Start of INFORMATION PROVIDED
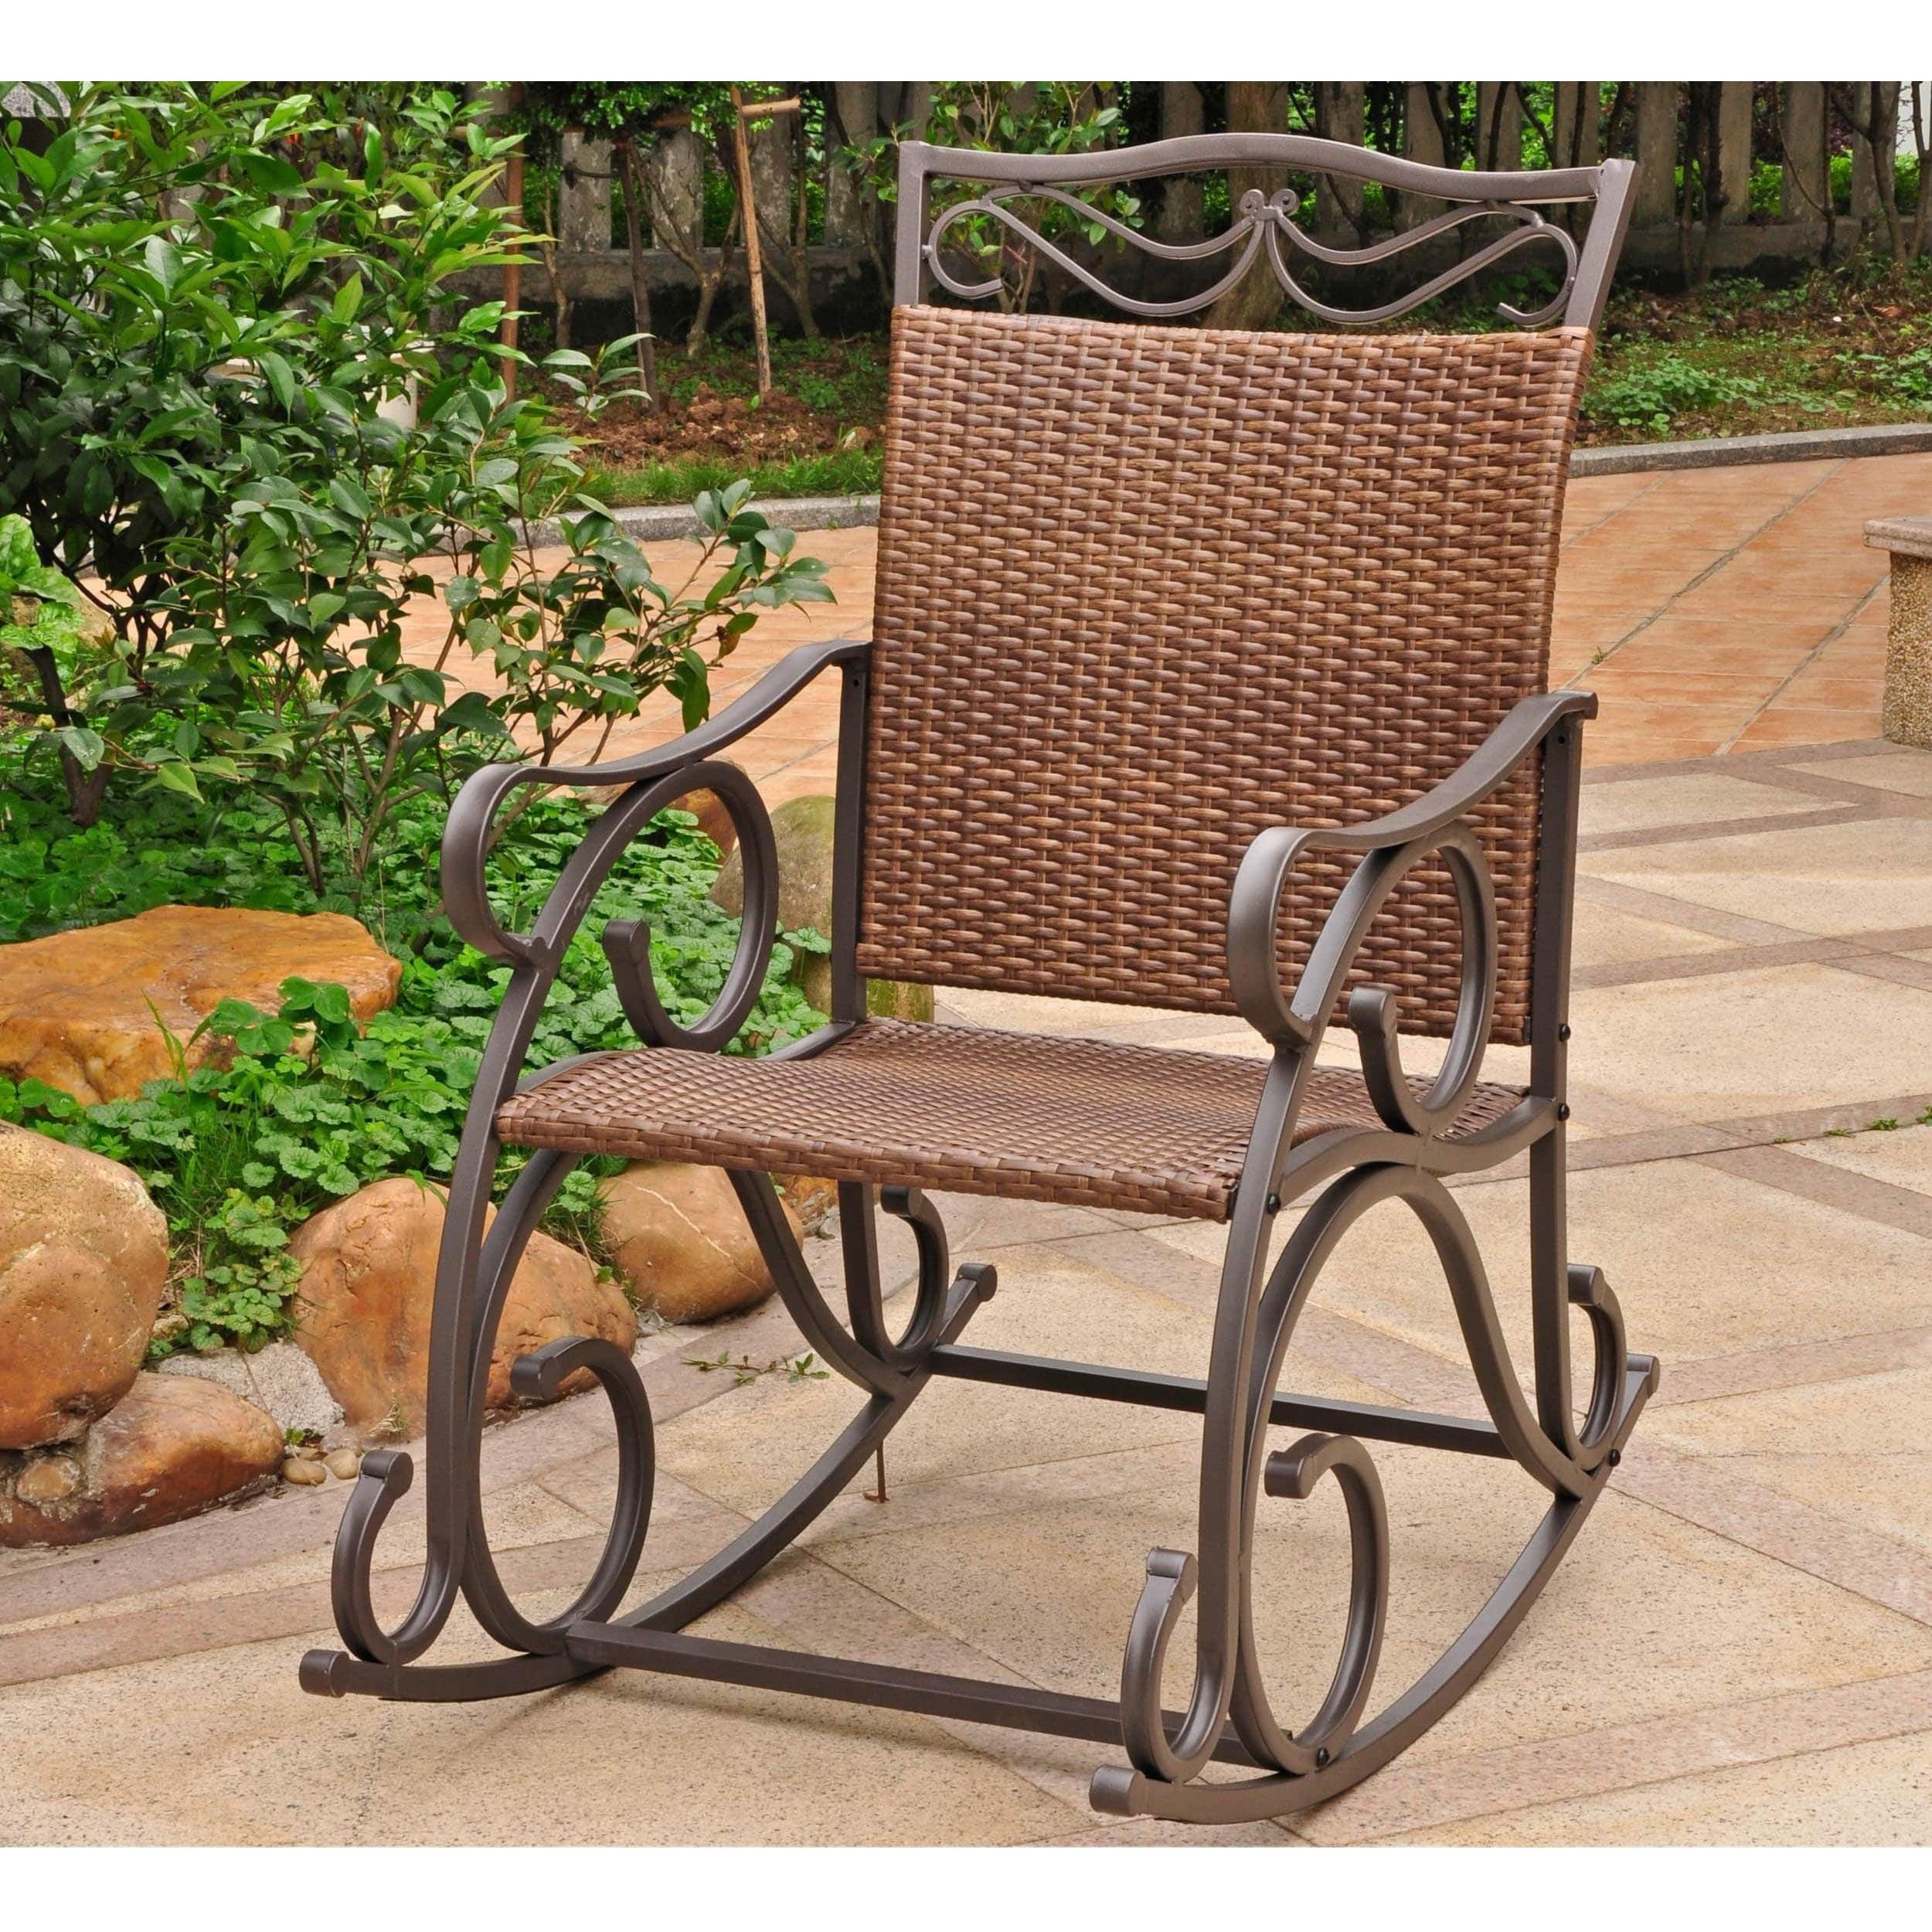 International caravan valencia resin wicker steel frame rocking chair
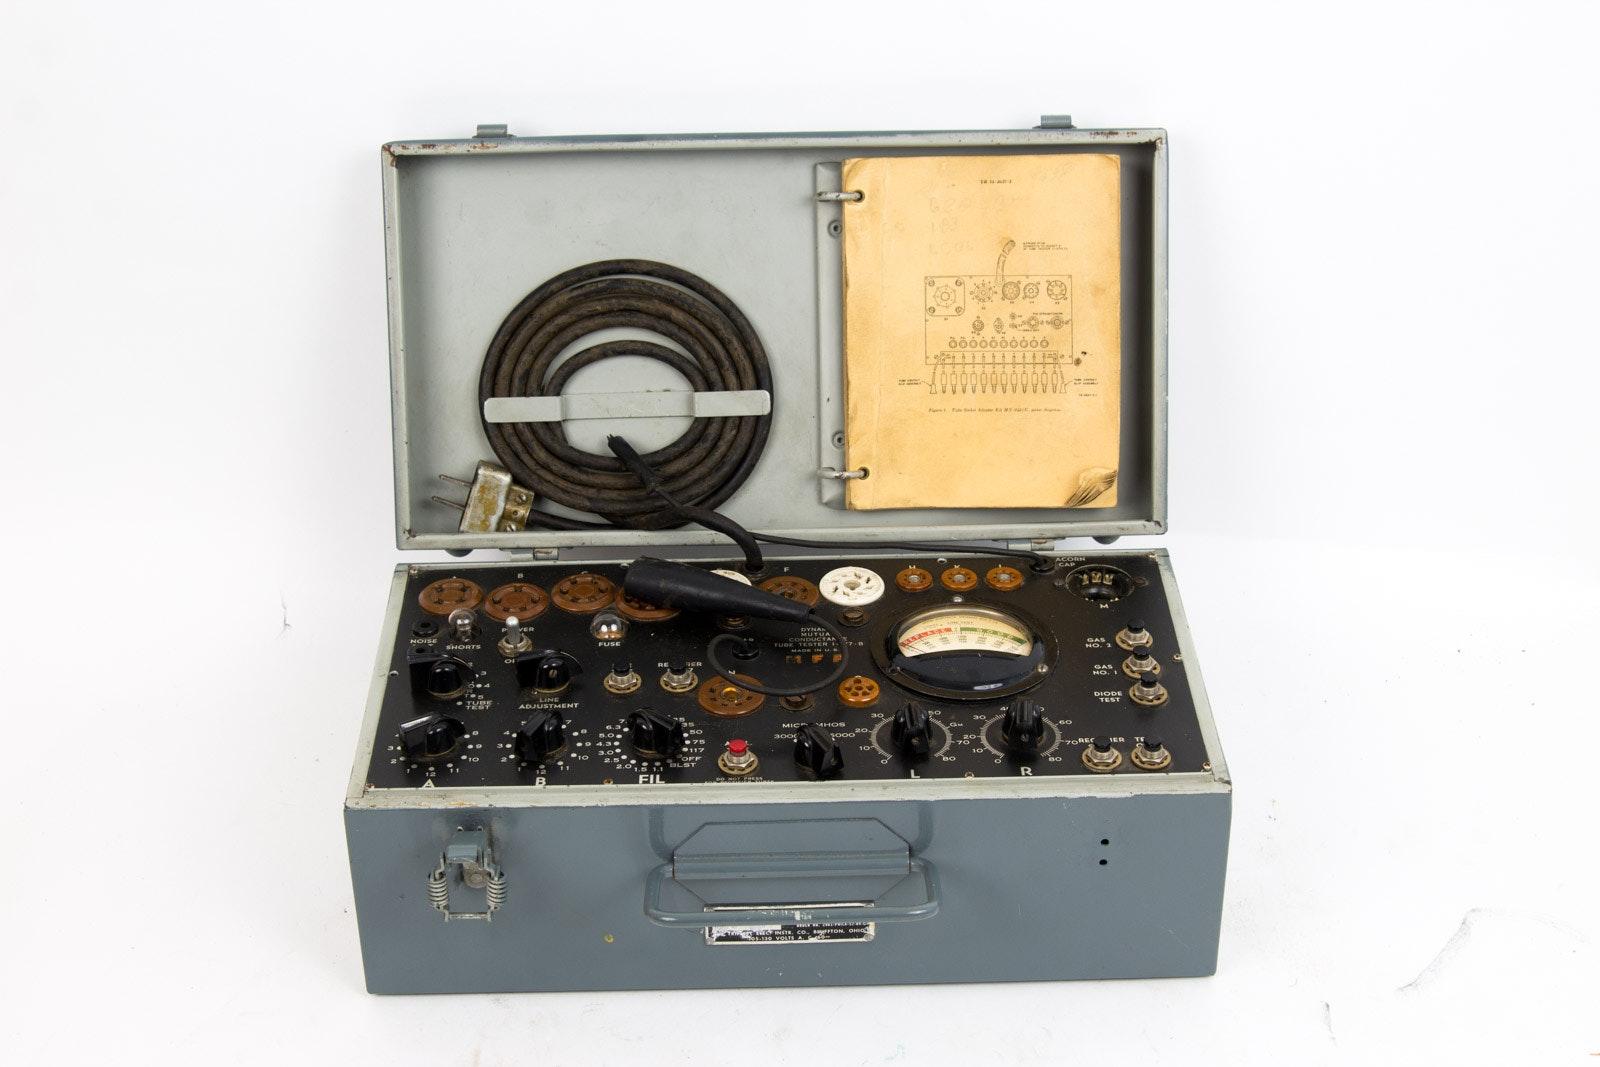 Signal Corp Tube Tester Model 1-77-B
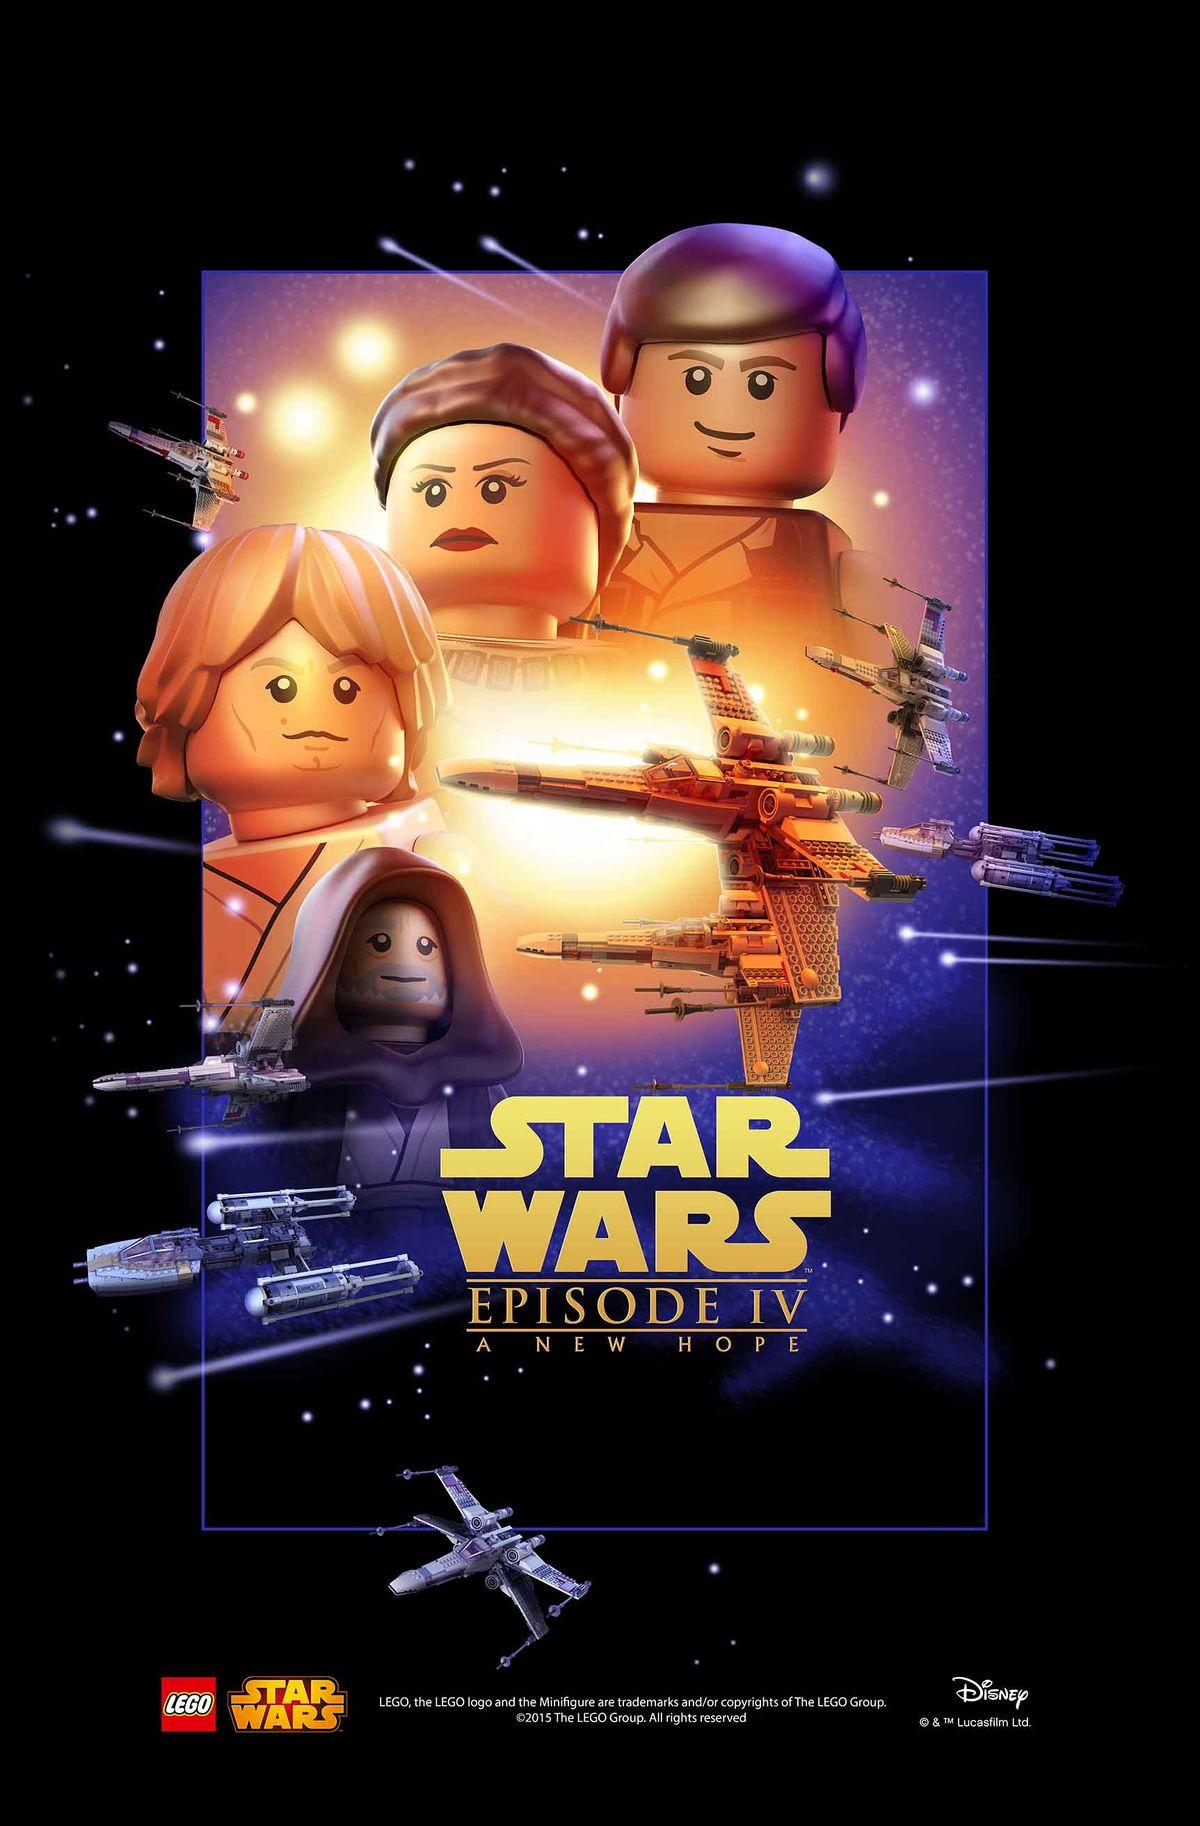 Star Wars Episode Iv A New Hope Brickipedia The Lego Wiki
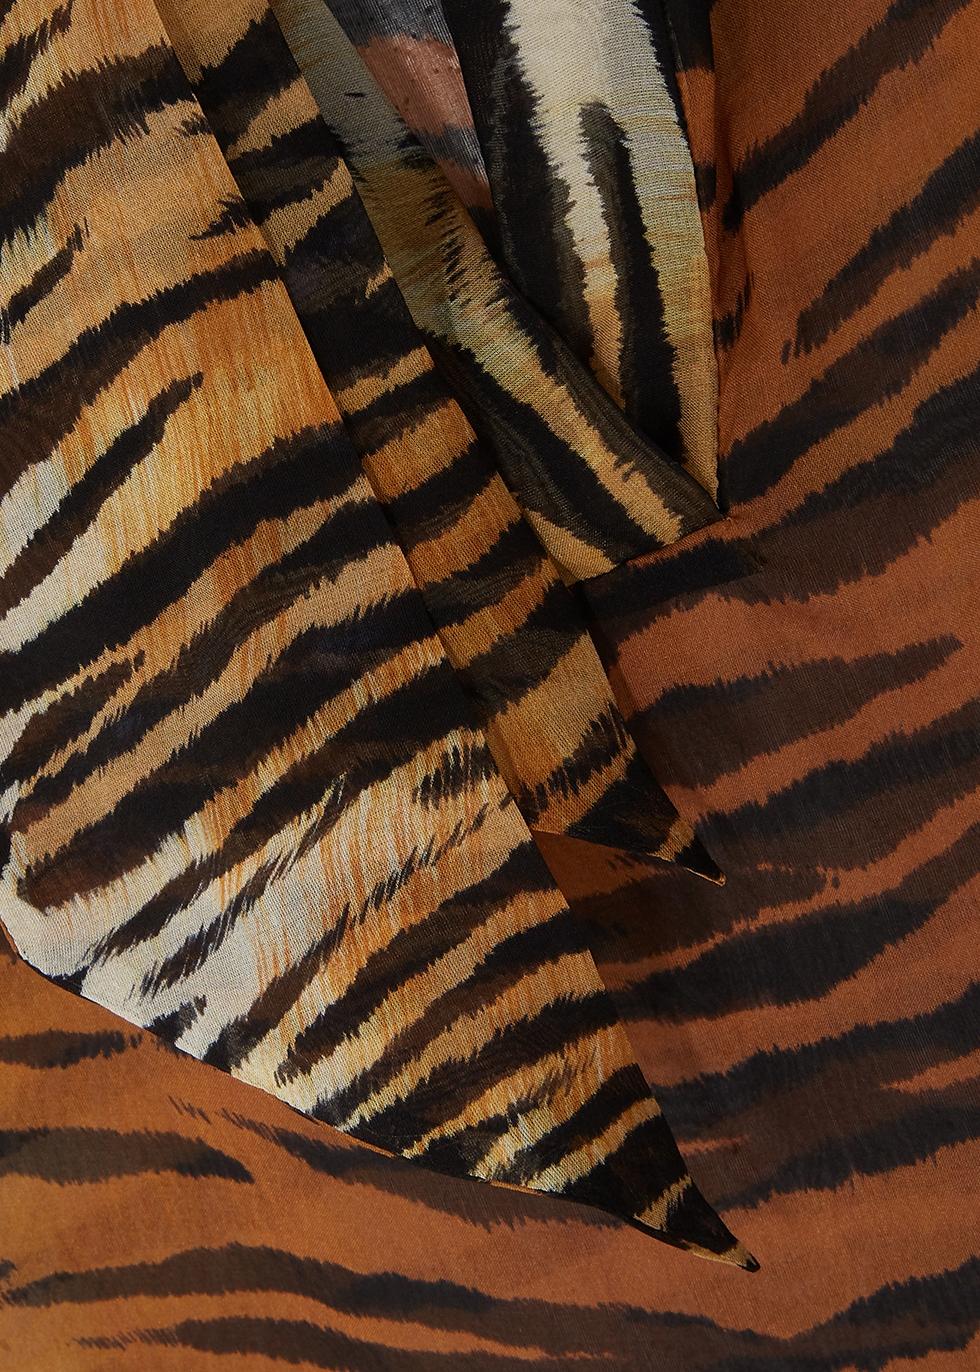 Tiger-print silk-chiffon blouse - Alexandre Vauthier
End of INFORMATION PROVIDED
TASK DETAILS ▸ Find the line containing "Star Wars Episode", then extract it and every line after it to the end of the data above, exactly and nothing else, without pictures.

ANSWER TO THIS TASK ▸
 Star Wars Episode Iv A New Hope Brickipedia The Lego Wiki
 Tiger-print silk-chiffon blouse - Alexandre Vauthier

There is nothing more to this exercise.